The economy may have slumped its way into 2014, but the Federal Reserve's latest economic snapshot shows that all 12 Fed districts are now reporting growth.
The central bank's Beige Book survey, prepared for the policy-setting session at month's end, finds moderate economic growth in the New York, Dallas, Chicago, Minneapolis and San Francisco districts. Other districts are seeing something less, or expansion described as "modest." Growth is described as slower around Boston and Richmond. Even so, most Fed districts are said to be "optimistic about the outlook for growth" as consumers spend more, particularly at the nation's car lots.
Here are some Beige Book highlights:
- All 12 districts have seen slight to moderate job growth since the previous Beige Book, released six weeks earlier.
- Wage pressures have been modest outside of skilled positions, where demand for workers has been strongest. For example, Dallas has experienced the strongest pressure on wages in the energy and construction industries. Generally, wage gains have been lackluster since the recovery began five years ago, as many Americans are aware.

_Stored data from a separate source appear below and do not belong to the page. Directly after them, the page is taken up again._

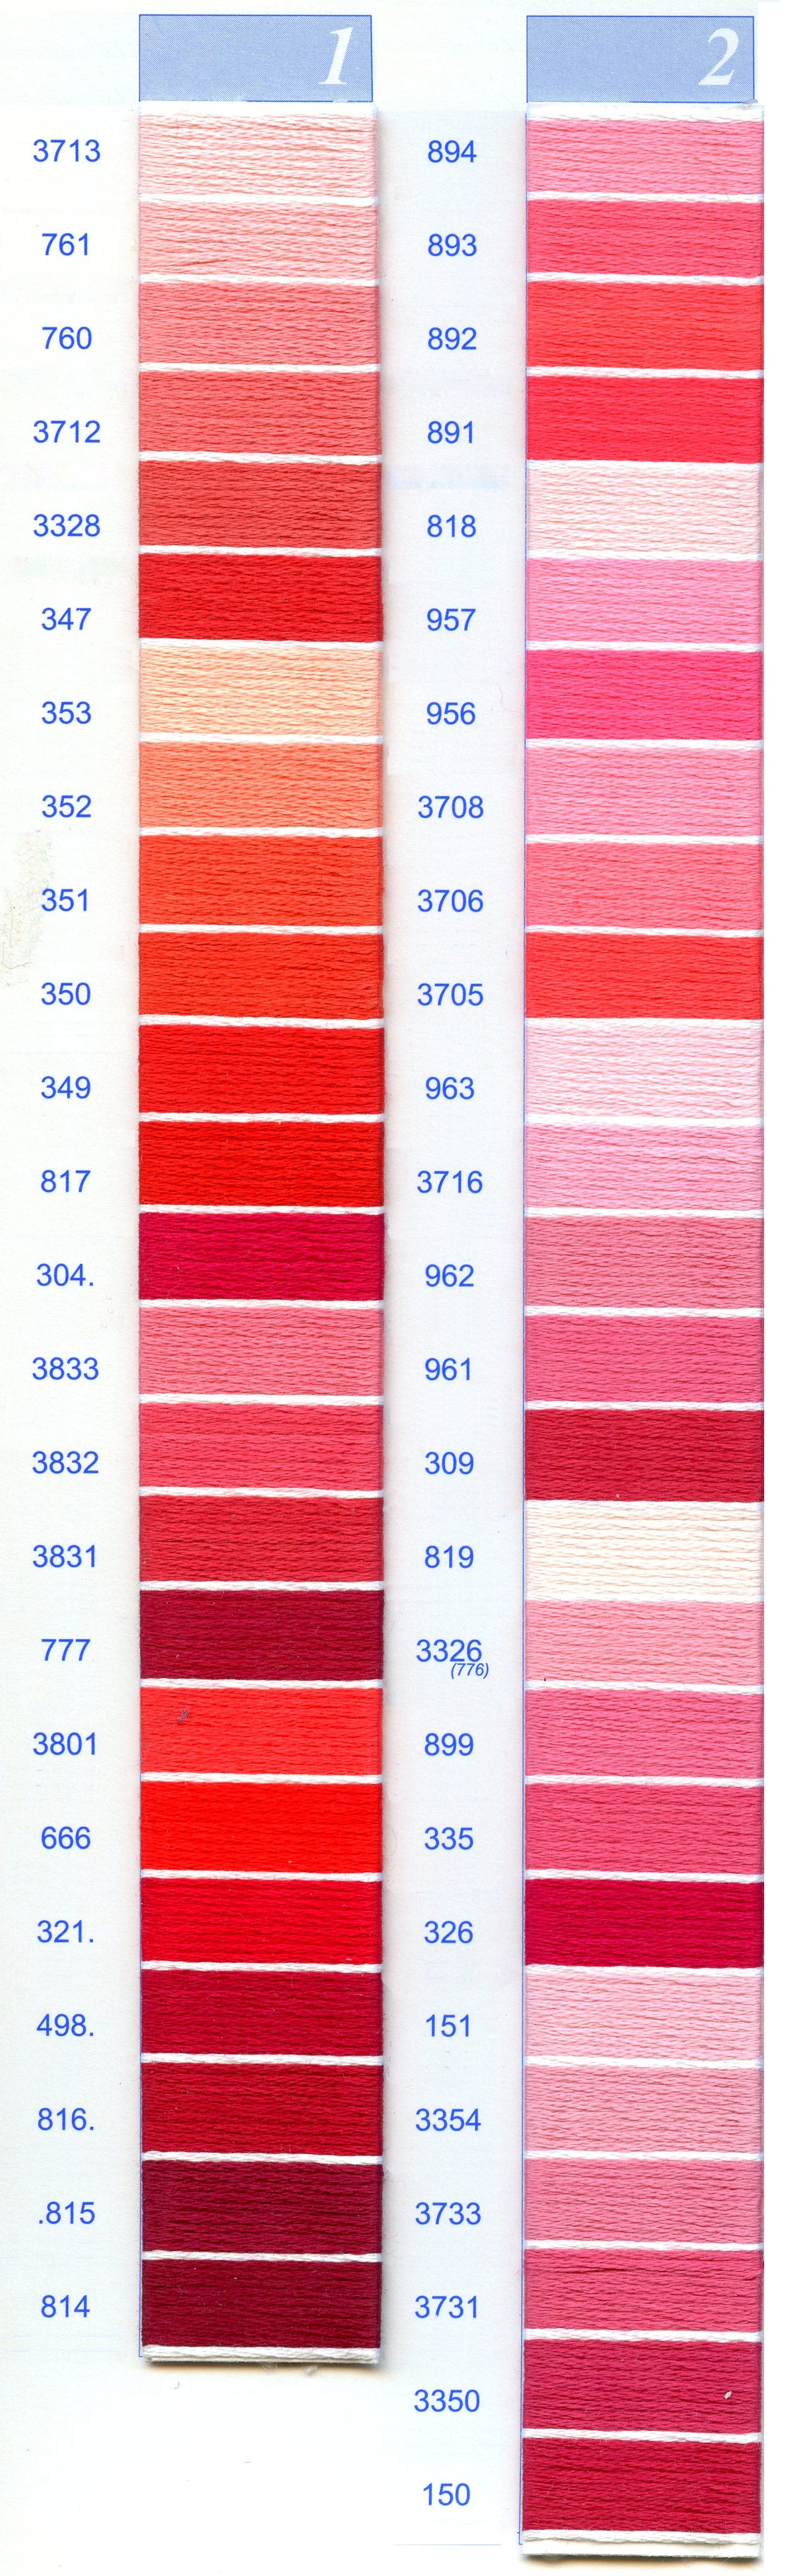 DMC Color Chart
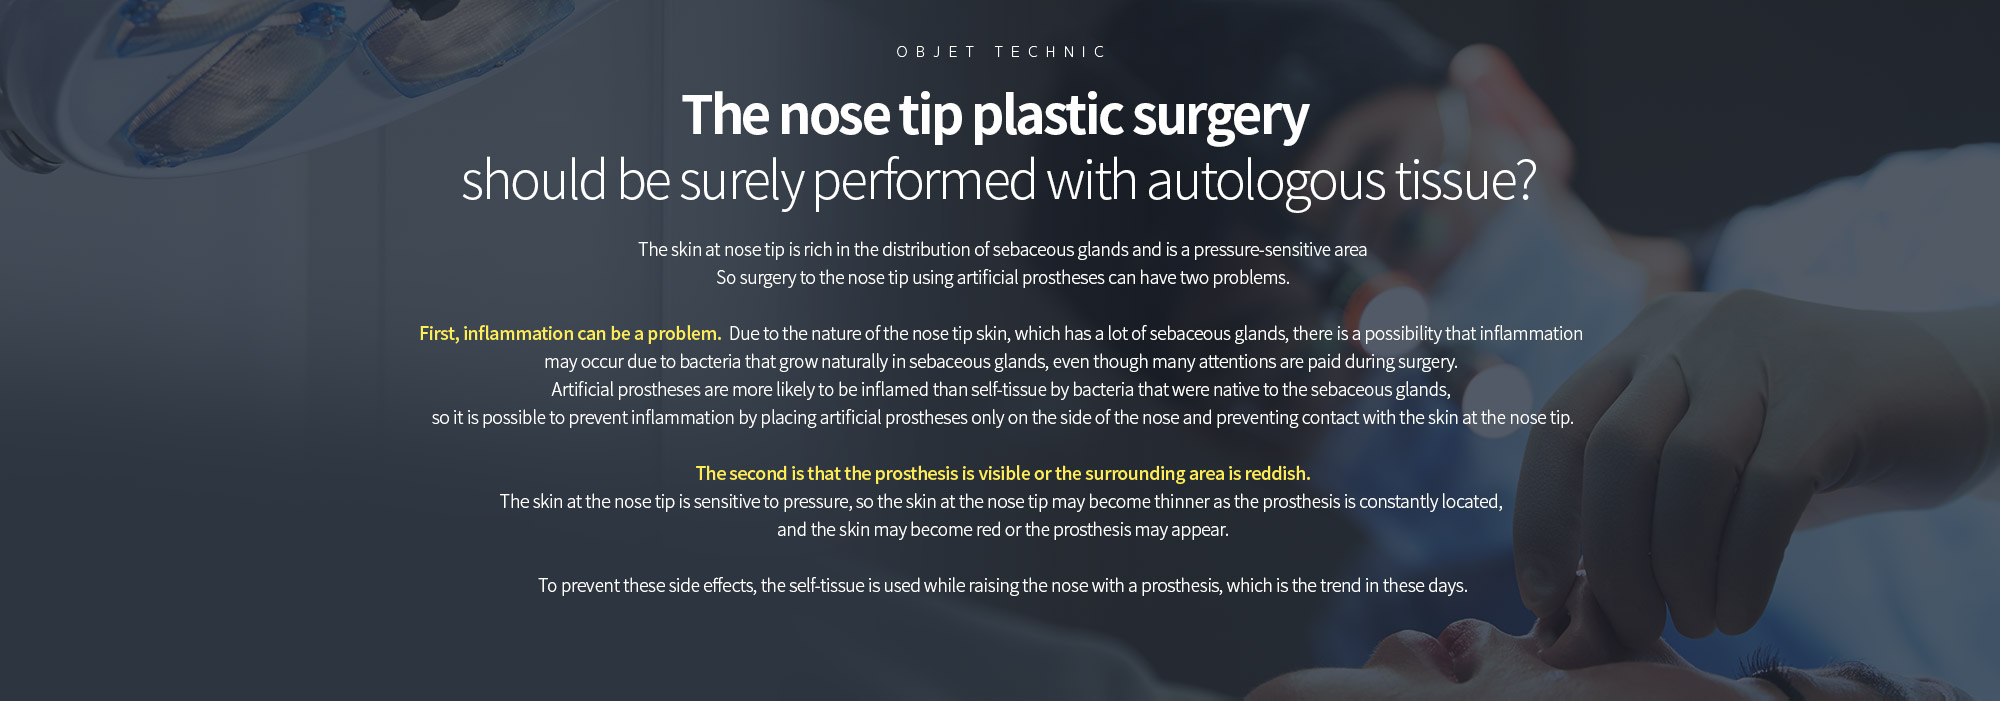 코끝성형, 꼭 자가조직으로 이루어져야 할까? 
	코끝의 피부는 피지선의 분포가 풍부하며 압력에 민감한 부위입니다. 따라서 인공보형물을 이용하여 코끝까지 수술하는 경우는 두 가지 정도의 문제점이 있을 수 있습니다. 

	첫 번째는 염증이 문제가 될 수 있습니다. 피지선이 많이 분포하는 코끝 피부의 특성상 수술 시에 매우 조심함에도 불구하고 피지선 등에 자생하던 세균들에 의해 염증이 생길 가능성이 있습니다. 자가조직보다는 인공보형물은 염증이 생길 가능성이 높으므로 인공보형물은 콧대 쪽에만 위치시켜서 코끝 쪽의 피부와의 접촉을 막아주는 것이 염증을 막아줄 수 있습니다. 

	두 번째는 보형물이 비춰 보이거나 주변 부위로 불그스름한 기운이 생기는 것입니다. 코끝 피부는 압력에 민감해서 보형물이 지속적으로 위치하면서 코끝의 피부가 얇아지는 경우가 많고 피부가 붉으스름 해지거나 보형물이 비춰보 이는 경우가 발생할 수 있습니다. 

	이러한 부작용을 방지해주기 위해서 콧대는 보형물로 높이면서 코끝은 자가조직을 이용하는 것이 요즘 성형 트렌드라고 할 수 있습니다.
	
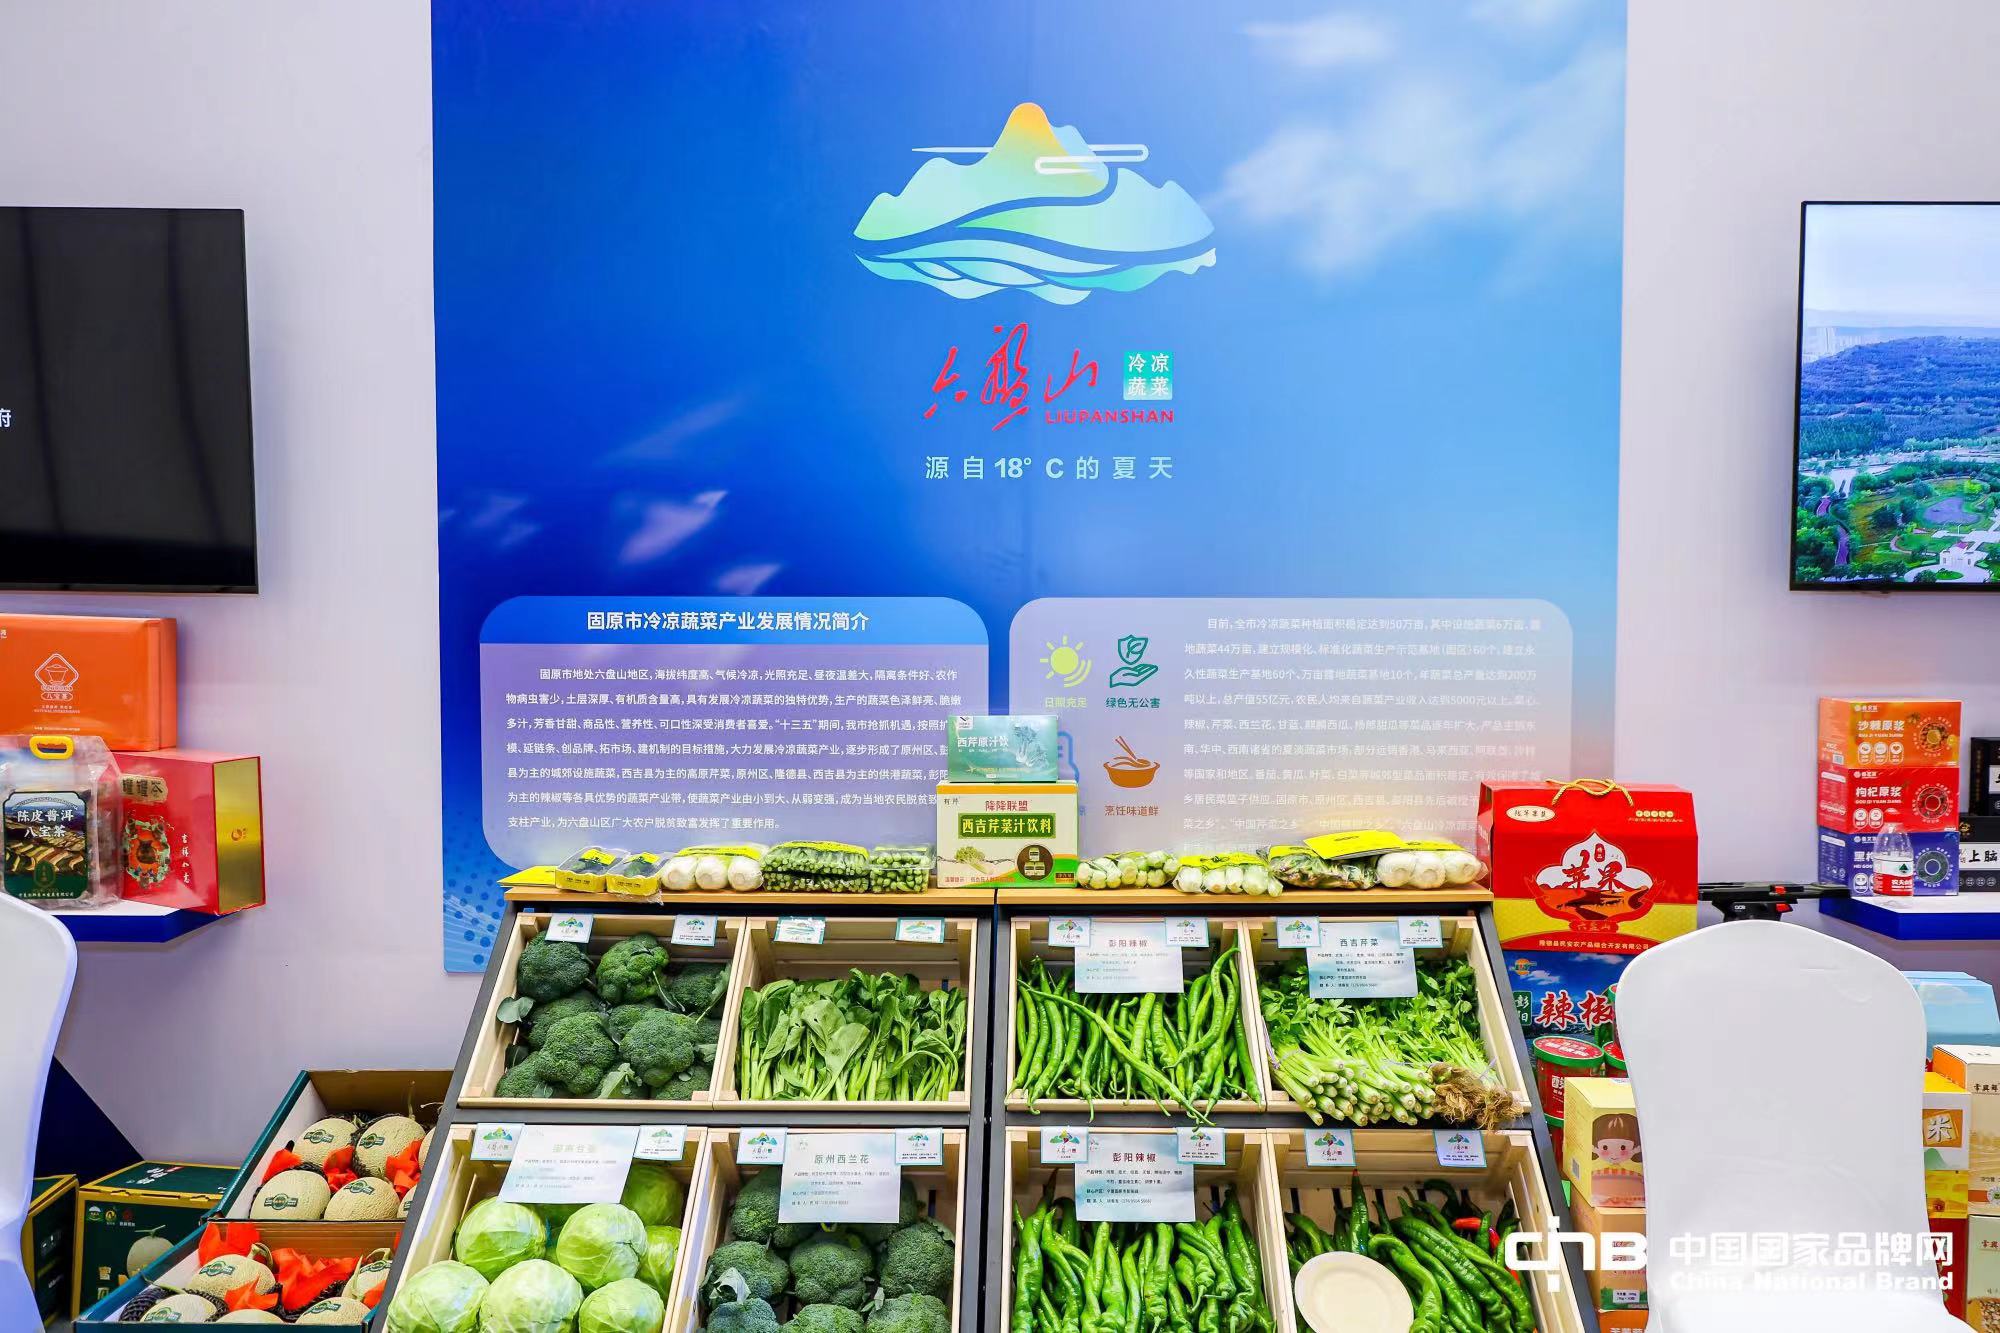 六盘山冷凉蔬菜亮相第八届“中国品牌日”

- Car sales remain stronger than other retail sales. The report says Richmond, Atlanta and San Francisco report "robust to very strong auto sales." (Of course, only the Fed knows for sure what the difference is between "robust" and "very strong.")
- Commercial and residential real estate reports are described as "varied across the districts." Home sales have been falling behind year-ago levels in the New York, Boston and St. Louis regions. On the other hand, commercial construction has generally been improving, helped by "higher demand and low vacancy rates."
The Federal Open Market Committee, the central bank's monetary policy panel, meets July 29-30.
The findings in the survey are consistent with the comments of Fed Chair Janet Yellen, who wrapped up two days of testimony before Senate and House panels.
"It confirms a lot of the data," says Scott Brown, chief economist with Raymond James & Associates. "You're seeing clear evidence of a rebound, but it's not anything especially strong."
Speaking before lawmakers, Yellen acknowledged that most members of the FOMC expect the first increase in the Fed's key interest rate -- the federal funds rate -- to come next year, depending on how the economic data looks between now and then. She also told lawmakers that slack in the job market will likely dictate a go-slow approach to rate increases, perhaps for years to come.